WHAT YOU ARE ASKED TO DO: Within the material below, locate the line with "5. Qualität steht über allem" and the line with "Palarnia kawy The", then return those two lines and all lines between them, exactly as written.

DATASET EXTRACT:
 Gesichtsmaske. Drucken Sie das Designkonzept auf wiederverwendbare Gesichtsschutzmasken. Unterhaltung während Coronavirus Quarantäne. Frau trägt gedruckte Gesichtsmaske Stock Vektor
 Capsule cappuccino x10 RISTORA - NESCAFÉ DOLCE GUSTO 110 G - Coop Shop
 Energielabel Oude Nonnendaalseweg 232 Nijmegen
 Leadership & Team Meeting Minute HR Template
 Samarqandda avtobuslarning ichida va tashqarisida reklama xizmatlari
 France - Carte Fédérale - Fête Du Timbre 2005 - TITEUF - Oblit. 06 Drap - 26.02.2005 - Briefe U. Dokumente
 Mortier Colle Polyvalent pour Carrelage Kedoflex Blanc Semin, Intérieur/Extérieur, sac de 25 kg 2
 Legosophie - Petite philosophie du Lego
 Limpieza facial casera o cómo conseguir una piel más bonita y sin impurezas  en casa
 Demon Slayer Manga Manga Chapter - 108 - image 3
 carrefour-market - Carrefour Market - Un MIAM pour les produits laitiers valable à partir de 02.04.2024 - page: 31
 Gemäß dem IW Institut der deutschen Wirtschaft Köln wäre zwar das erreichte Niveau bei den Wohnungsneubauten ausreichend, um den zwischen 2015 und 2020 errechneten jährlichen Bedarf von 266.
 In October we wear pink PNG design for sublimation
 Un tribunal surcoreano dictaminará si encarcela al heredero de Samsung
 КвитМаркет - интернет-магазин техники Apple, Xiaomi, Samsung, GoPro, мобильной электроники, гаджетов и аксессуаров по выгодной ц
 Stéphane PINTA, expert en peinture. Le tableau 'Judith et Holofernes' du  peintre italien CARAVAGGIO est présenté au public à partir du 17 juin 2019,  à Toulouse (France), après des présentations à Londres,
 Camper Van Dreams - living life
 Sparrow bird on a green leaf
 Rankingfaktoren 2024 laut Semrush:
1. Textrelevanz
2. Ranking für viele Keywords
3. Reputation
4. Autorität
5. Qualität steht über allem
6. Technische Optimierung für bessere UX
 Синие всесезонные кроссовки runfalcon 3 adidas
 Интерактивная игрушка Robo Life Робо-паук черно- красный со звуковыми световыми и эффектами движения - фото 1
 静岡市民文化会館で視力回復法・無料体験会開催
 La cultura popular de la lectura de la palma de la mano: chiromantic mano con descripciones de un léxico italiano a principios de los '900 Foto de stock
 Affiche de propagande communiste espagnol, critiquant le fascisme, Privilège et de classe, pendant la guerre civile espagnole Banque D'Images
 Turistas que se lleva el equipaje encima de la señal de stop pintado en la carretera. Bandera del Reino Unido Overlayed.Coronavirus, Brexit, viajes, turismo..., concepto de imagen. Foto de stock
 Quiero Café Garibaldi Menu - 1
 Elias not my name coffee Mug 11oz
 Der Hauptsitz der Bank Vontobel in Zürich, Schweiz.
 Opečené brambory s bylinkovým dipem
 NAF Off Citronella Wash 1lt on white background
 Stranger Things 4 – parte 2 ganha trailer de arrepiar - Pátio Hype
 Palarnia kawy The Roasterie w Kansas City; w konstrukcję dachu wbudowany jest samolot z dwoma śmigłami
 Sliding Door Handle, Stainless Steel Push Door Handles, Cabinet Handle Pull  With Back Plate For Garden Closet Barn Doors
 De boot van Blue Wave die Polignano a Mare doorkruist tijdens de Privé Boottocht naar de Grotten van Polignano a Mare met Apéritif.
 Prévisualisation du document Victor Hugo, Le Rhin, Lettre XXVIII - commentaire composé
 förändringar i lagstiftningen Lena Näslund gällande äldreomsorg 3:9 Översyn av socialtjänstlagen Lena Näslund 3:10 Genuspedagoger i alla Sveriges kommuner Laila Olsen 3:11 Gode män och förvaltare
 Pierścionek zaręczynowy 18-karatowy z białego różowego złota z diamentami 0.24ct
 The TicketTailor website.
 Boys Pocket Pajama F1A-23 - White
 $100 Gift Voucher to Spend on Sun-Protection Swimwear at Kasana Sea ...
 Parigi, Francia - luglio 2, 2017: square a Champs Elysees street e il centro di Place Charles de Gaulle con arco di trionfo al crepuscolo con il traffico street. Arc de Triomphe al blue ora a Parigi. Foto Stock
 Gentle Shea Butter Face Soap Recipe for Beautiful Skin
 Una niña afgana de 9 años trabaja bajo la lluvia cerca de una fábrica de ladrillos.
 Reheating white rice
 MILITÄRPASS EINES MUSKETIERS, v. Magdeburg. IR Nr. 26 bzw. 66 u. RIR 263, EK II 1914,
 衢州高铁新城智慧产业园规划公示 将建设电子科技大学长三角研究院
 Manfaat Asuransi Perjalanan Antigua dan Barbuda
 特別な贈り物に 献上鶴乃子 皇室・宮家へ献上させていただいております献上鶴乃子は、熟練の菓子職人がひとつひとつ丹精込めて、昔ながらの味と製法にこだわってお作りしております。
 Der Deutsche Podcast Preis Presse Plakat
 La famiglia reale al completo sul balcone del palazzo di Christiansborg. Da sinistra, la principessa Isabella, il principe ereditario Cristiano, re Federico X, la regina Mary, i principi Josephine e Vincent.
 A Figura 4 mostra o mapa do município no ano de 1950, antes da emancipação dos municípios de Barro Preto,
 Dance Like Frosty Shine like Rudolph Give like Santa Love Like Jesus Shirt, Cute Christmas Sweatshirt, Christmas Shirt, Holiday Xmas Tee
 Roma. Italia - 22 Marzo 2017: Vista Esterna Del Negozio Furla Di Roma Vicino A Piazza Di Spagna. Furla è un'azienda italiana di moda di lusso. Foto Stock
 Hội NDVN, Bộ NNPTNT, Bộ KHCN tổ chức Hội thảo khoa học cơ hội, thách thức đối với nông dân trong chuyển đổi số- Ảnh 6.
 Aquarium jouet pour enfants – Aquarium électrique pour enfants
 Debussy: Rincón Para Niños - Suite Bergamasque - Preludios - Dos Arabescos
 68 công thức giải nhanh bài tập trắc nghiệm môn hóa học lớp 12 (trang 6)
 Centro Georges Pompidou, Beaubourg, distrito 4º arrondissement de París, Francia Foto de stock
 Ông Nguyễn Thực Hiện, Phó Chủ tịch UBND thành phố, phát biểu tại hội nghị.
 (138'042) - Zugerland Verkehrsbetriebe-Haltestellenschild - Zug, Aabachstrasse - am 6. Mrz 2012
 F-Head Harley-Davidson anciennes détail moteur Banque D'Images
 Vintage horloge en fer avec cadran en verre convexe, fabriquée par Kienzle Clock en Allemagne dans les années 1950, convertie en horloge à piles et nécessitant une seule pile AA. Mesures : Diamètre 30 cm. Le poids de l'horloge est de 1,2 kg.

EXERCISE RESULT:
5. Qualität steht über allem
6. Technische Optimierung für bessere UX
 Синие всесезонные кроссовки runfalcon 3 adidas
 Интерактивная игрушка Robo Life Робо-паук черно- красный со звуковыми световыми и эффектами движения - фото 1
 静岡市民文化会館で視力回復法・無料体験会開催
 La cultura popular de la lectura de la palma de la mano: chiromantic mano con descripciones de un léxico italiano a principios de los '900 Foto de stock
 Affiche de propagande communiste espagnol, critiquant le fascisme, Privilège et de classe, pendant la guerre civile espagnole Banque D'Images
 Turistas que se lleva el equipaje encima de la señal de stop pintado en la carretera. Bandera del Reino Unido Overlayed.Coronavirus, Brexit, viajes, turismo..., concepto de imagen. Foto de stock
 Quiero Café Garibaldi Menu - 1
 Elias not my name coffee Mug 11oz
 Der Hauptsitz der Bank Vontobel in Zürich, Schweiz.
 Opečené brambory s bylinkovým dipem
 NAF Off Citronella Wash 1lt on white background
 Stranger Things 4 – parte 2 ganha trailer de arrepiar - Pátio Hype
 Palarnia kawy The Roasterie w Kansas City; w konstrukcję dachu wbudowany jest samolot z dwoma śmigłami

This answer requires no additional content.